Так фортуна повернулась спиной к Хосрову Апарвезу, опытному воину и охотнику, понимавшему, что шакалы не упустят случая наброситься на раненого льва. Преданный своими военачальниками, он погиб в темнице, и в сутолоке дворцовых распрей так и осталось неизвестным, чья рука нанесла ему последний удар. Наследовавший Хосрову его сын Кавад процарствовал всего полгода и скоропостижно отправился в мир иной: злые языки утверждали, что тому причиной были не козни Ахримана[6], а неосторожно пригубленный кубок с вином.

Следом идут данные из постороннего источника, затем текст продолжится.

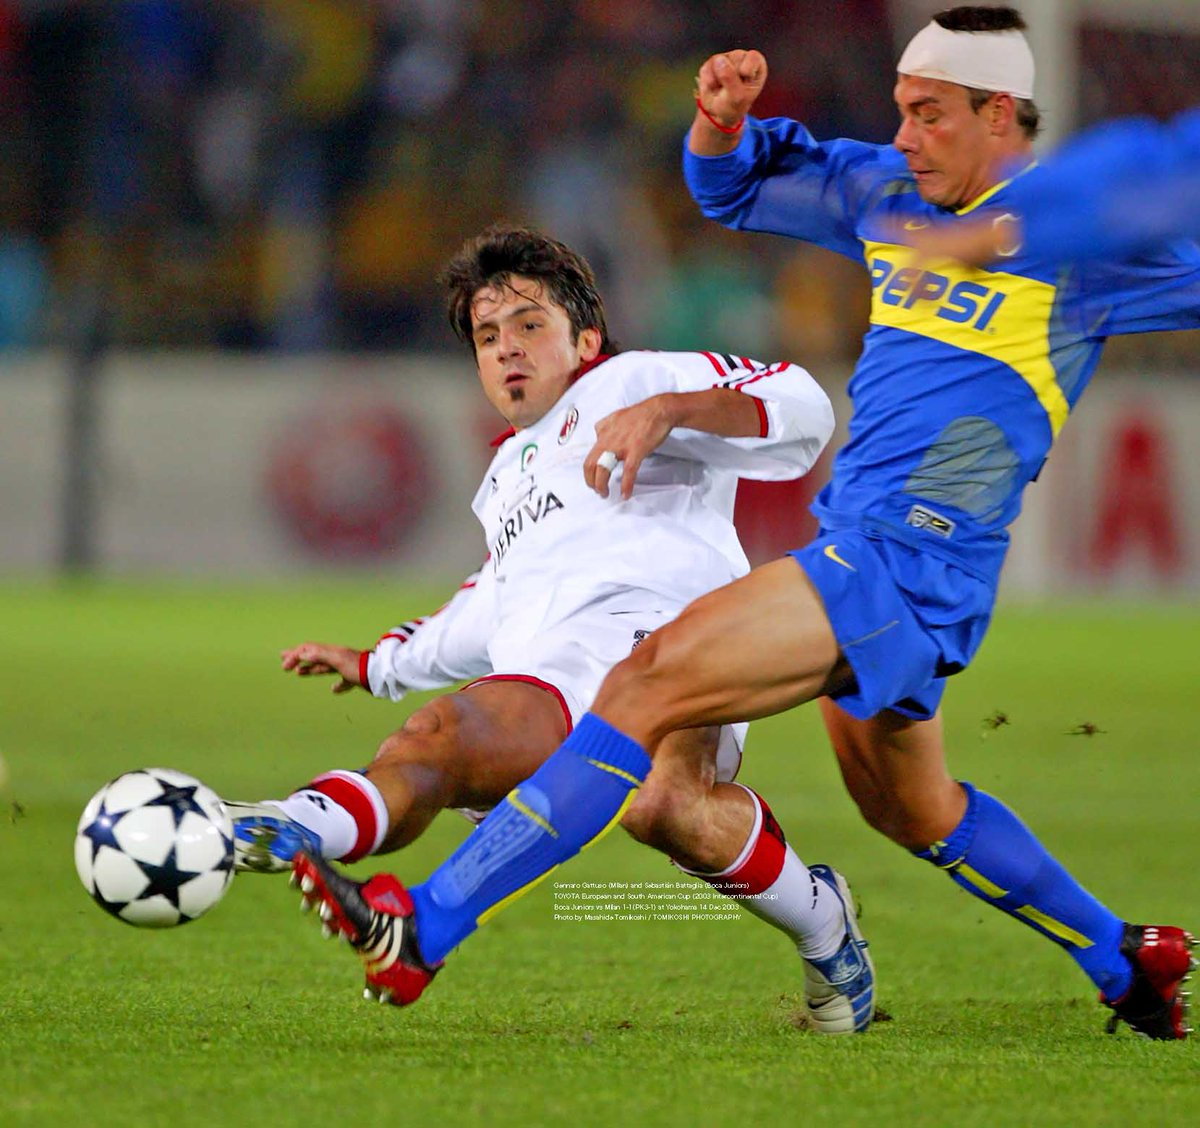 "tphoto on Twitter: ""Gennaro Gattuso (MIlan) and Sebastián Battaglia (Boca  Juniors) TOYOTA European and South American Cup (2003 Intercontinental Cup)  Boca Juniors vs Milan 1-1(PK3-1) at Yokohama 14 Dec 2003 Photo by"

С той поры усидеть на сасанидском престоле стало не проще, чем на спине норовистого скакуна — вереница беспомощных и безликих шахиншахов прошла за считанные годы через тронный зал, пока наконец уставшая от кровавого разгула знать не поставила у кормила власти внука Хосрова II — Ездигерда, которому суждено было стать последним в ряду сасанидских царей.

* * *

По инерции своим главным врагом Сасаниды считали Константинополь, но смертельный удар явился совсем с другой стороны. До Ктесифона и прежде доносились смутные слухи о новой вере, распространявшейся среди бедуинских племен Аравии, и о ее пророке, бывшем караванном погонщике, называвшем себя посланником бога на земле, но эти вести мало кто воспринимал всерьез. Хотя Сасаниды еще в 611 году скрещивали мечи с бедуинами и даже были разбиты ими в битве при Зу-Каре, представить себе, что несколько лет спустя империя шахиншахов рассыплется под ударами кочевников, было невозможно даже при самом богатом воображении.

Тем не менее события сложились именно так. Уже к 663 году мусульмане захватили почти всю Сирию, в следующем году полностью уничтожили отборные отряды сасанидской армии в битве при Кадисии и чуть позднее взяли Ктесифон. В том же году, еще раз сокрушив персов в сражении у Джалуля, они подчинили себе весь равнинный Ирак. Оставалось надеяться лишь на чудо, но чуда не произошло — в битве при Нихавенде в 642 году Сасаниды потерпели сокрушительное поражение, и их держава перестала существовать. Прихватив с собой тысячу всадников из личной охраны и столько же дворовых — брадобреев, кондитеров, поваров и прочего никчемного люда, Ездигерд III бежал в Хорасан, повторяя печальную судьбу последнего ахеменидского царя Дария III, пытавшегося спастись бегством от конницы македонцев.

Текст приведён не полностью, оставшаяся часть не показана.